Former president Jacob Zuma waves at supporters in Nkandla, KwaZulu Natal.
Former president Jacob Zuma waves at supporters in Nkandla, KwaZulu Natal.

When Jacob Zuma bowed to pressure to quit as South Africa's president in 2018, he ranted to the state broadcaster for an hour about his treatment by the party he had served since his teenage years.

Besieged by sleaze and corruption scandals throughout his nine years in power from 2009, he said it was “unfair” the African National Congress (ANC) had told him to resign, mainly because his comrades had not followed proper party procedure.

South Africans who suffered economic stagnation and national embarrassment under Zuma saw it as further evidence of a leader unable to look beyond the Byzantine inner workings of Africa's oldest liberation movement to consider the greater good of Nelson Mandela's “Rainbow Nation”.

Zuma agreed to hand himself over to serve 15 months in jail for contempt of court, his foundation said on Wednesday, having been sentenced for disobeying a constitutional court order to give evidence at the inquiry into allegations of high-level corruption under his leadership.

At 79, Zuma, an anti-apartheid veteran and Zulu traditionalist, still commands a loyal following in his home province of KwaZulu-Natal and among some disaffected members of the ANC.

But he is also facing corruption charges relating to a $2 billion arms deal with French defence firm Thales in 1999, when he was deputy president.

The charges were reinstated in March 2018, a month after the end of a presidency marked by corruption allegations and sovereign credit rating downgrades.

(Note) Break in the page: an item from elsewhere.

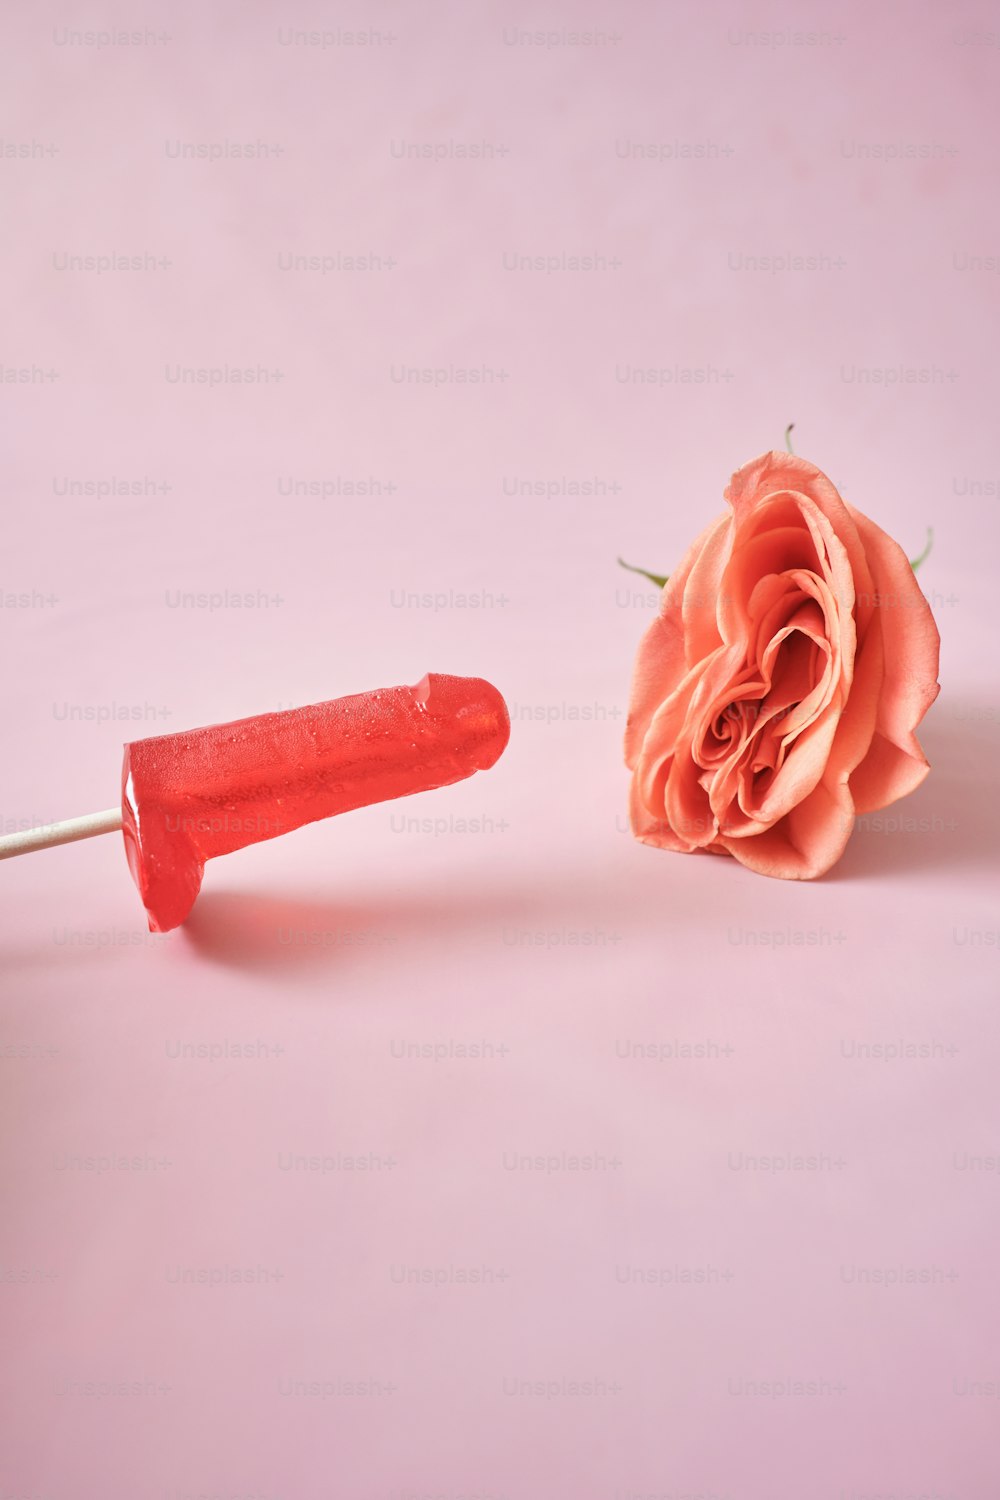 una rosa rosa y un objeto de plástico rojo sobre un fondo rosa

Zuma rejects all allegations as a politically motivated witch-hunt. The case is a rare example of an African judicial system seeking to prosecute a former leader for wrongdoing.


It was Zuma's mastery of the ANC's internal dynamics that enabled him to survive for so long, but his political influence had been waning since then-Deputy President Cyril Ramaphosa replaced him as the ruling party's leader in December 2017.

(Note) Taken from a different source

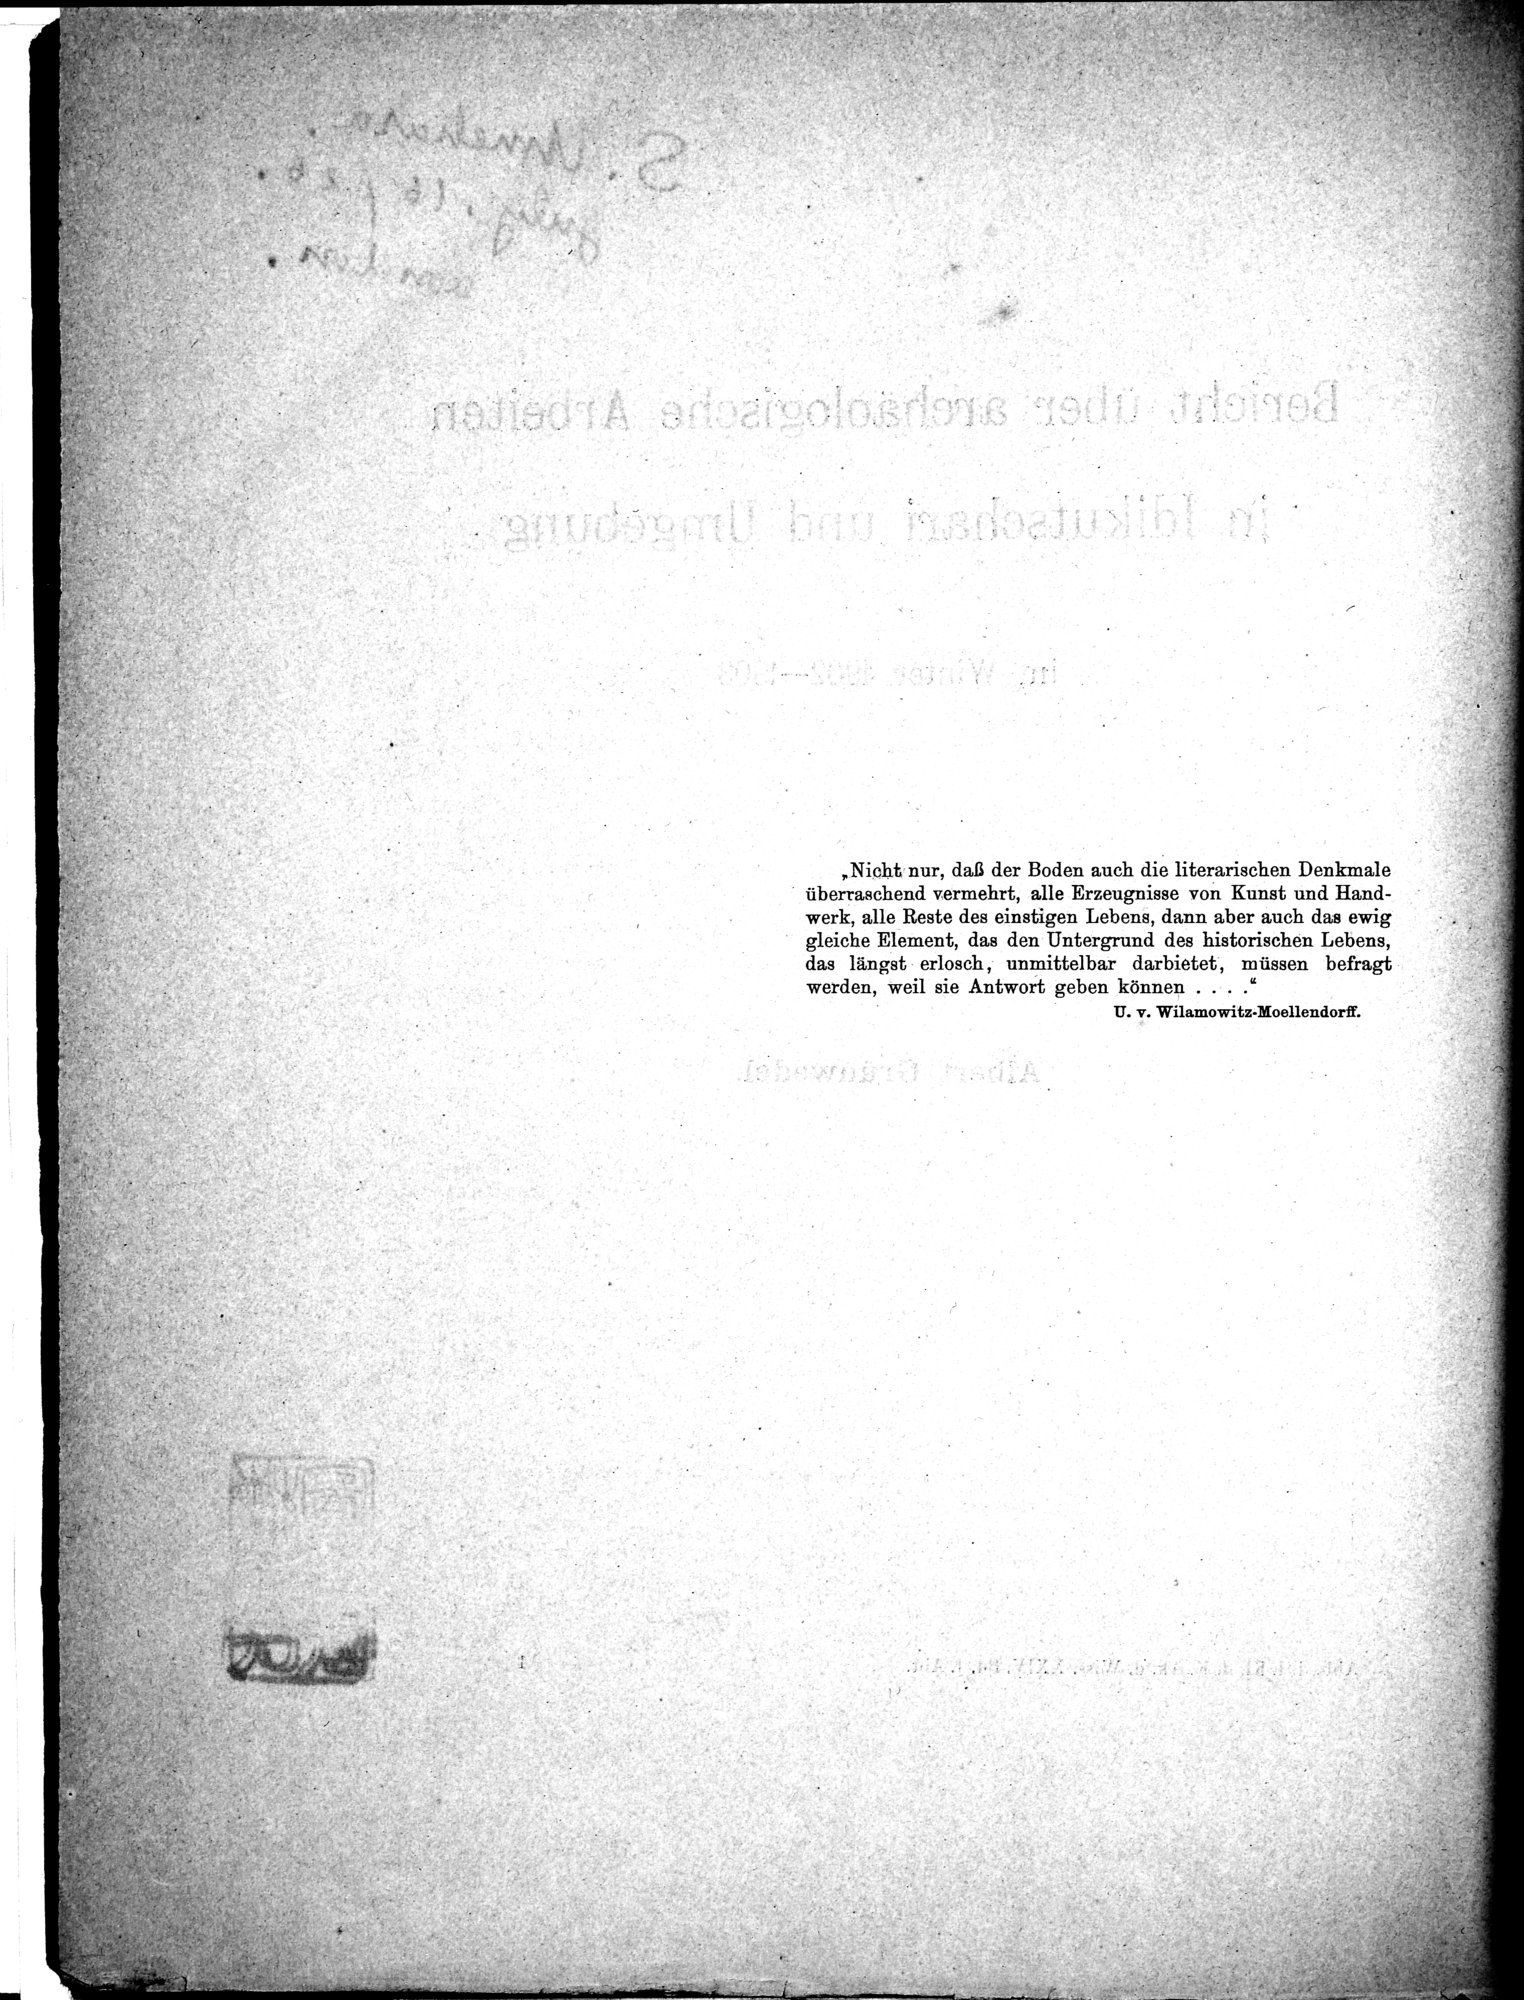 Bericht über archäologische Arbeiten in Idikutschari und Umgebung im Winter 1902-1903 : vol.1 / Page 8 (Grayscale High Resolution Image)

“It's us who got South Africa into this mess by electing Zuma to be president,” said former ANC chief whip Jackson Mthembu. “We should have looked closely into the man. With hindsight we made a terrible error of judgment.”

Declining electoral support for the ANC and public anger at corruption revelations encouraged the party to pressure Zuma into resigning before his second term was due to end in mid-2019.

Zuma was booed in front of foreign dignitaries at liberation hero Nelson Mandela's memorial service in 2013, lampooned in the media and criticised for overseeing years of economic decline.

But what many saw as Zuma's folksy charm, and his modest upbringing, ensured he retained support, especially in rural areas.

During the apartheid era, Zuma was jailed for 10 years with Mandela on Robben Island. Later he went into exile, before returning as white rule came to an end.

He proved wrong the commentators who repeatedly wrote off his political career, earning the nickname the “great survivor”.

Ronnie Kasrils, a former intelligence minister and anti-apartheid veteran who spent years in the ANC underground, said Zuma was not the simple man he portrayed himself to be.

“Astute and engaging from earlier days, along the way Zuma has become driven by a lust for wealth and power,” Kasrils wrote in his biography of Zuma.

Using skills honed as the ANC's intelligence chief during apartheid, Zuma silenced dissenting voices by promoting little-known officials who did his bidding to powerful positions in the security and intelligence portfolios.

Zuma also ensured the top leadership of the ANC was always controlled by loyalists.

“The politics of patronage sustained Zuma,” said Bantu Holomisa, an opposition leader and former ANC member. “All those who would have questioned him were rewarded with cabinet posts and ambassadorships abroad. Those who were deemed undesirable were ferreted out of the ANC.”